Instructions to follow.
Your task is to write out exactly the lines from the line containing "Small Pineapple Pendant" through the end of the records, inclusive at both ends.

Extracted information.

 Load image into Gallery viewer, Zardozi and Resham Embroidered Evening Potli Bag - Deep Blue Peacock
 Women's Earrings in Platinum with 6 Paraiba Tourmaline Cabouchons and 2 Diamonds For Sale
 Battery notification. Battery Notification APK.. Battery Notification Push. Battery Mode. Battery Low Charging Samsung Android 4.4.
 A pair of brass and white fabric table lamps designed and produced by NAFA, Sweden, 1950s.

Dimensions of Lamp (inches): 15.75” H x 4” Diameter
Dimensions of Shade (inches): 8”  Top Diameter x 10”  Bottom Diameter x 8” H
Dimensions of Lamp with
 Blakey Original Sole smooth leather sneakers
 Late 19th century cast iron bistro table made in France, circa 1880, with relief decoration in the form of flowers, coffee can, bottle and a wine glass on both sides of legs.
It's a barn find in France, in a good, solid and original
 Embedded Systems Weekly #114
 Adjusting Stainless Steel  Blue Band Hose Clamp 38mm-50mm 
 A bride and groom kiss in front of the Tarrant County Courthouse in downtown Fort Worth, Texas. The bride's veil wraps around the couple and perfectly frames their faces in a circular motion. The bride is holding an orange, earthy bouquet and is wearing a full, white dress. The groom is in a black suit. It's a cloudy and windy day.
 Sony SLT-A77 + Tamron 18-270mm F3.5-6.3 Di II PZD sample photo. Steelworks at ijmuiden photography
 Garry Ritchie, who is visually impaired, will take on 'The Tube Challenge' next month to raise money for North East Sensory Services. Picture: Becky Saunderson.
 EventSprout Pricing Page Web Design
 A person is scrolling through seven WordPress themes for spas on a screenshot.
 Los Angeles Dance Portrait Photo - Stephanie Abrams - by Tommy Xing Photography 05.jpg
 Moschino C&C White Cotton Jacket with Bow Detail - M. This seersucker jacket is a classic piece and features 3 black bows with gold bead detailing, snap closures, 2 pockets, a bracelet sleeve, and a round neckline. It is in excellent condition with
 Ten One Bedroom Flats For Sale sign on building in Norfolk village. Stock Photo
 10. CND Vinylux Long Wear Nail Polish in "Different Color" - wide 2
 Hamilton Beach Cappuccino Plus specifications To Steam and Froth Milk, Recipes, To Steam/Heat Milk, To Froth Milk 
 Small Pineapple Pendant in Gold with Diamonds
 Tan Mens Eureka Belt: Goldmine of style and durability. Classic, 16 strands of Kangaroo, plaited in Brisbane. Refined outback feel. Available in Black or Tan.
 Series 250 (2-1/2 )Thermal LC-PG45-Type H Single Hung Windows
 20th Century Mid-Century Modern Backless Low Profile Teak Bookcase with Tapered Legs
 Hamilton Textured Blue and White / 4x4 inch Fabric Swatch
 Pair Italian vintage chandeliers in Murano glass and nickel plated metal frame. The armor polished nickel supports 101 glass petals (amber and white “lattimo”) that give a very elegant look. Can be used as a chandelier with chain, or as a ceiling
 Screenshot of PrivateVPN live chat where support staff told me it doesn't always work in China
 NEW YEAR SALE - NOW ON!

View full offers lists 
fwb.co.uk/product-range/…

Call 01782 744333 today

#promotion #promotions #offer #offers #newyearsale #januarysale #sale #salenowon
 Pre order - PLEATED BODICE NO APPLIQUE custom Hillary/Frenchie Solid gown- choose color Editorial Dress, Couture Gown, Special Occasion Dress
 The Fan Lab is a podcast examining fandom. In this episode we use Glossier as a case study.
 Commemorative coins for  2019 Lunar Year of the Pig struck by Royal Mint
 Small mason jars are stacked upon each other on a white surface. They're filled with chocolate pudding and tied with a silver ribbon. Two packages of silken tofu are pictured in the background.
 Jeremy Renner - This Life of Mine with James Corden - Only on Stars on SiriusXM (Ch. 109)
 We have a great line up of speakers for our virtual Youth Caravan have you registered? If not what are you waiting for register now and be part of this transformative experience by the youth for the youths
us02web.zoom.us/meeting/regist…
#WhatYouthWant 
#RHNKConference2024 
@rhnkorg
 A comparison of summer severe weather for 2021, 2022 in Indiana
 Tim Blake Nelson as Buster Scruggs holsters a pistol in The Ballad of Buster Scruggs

Your solution.
 Small Pineapple Pendant in Gold with Diamonds
 Tan Mens Eureka Belt: Goldmine of style and durability. Classic, 16 strands of Kangaroo, plaited in Brisbane. Refined outback feel. Available in Black or Tan.
 Series 250 (2-1/2 )Thermal LC-PG45-Type H Single Hung Windows
 20th Century Mid-Century Modern Backless Low Profile Teak Bookcase with Tapered Legs
 Hamilton Textured Blue and White / 4x4 inch Fabric Swatch
 Pair Italian vintage chandeliers in Murano glass and nickel plated metal frame. The armor polished nickel supports 101 glass petals (amber and white “lattimo”) that give a very elegant look. Can be used as a chandelier with chain, or as a ceiling
 Screenshot of PrivateVPN live chat where support staff told me it doesn't always work in China
 NEW YEAR SALE - NOW ON!

View full offers lists 
fwb.co.uk/product-range/…

Call 01782 744333 today

#promotion #promotions #offer #offers #newyearsale #januarysale #sale #salenowon
 Pre order - PLEATED BODICE NO APPLIQUE custom Hillary/Frenchie Solid gown- choose color Editorial Dress, Couture Gown, Special Occasion Dress
 The Fan Lab is a podcast examining fandom. In this episode we use Glossier as a case study.
 Commemorative coins for  2019 Lunar Year of the Pig struck by Royal Mint
 Small mason jars are stacked upon each other on a white surface. They're filled with chocolate pudding and tied with a silver ribbon. Two packages of silken tofu are pictured in the background.
 Jeremy Renner - This Life of Mine with James Corden - Only on Stars on SiriusXM (Ch. 109)
 We have a great line up of speakers for our virtual Youth Caravan have you registered? If not what are you waiting for register now and be part of this transformative experience by the youth for the youths
us02web.zoom.us/meeting/regist…
#WhatYouthWant 
#RHNKConference2024 
@rhnkorg
 A comparison of summer severe weather for 2021, 2022 in Indiana
 Tim Blake Nelson as Buster Scruggs holsters a pistol in The Ballad of Buster Scruggs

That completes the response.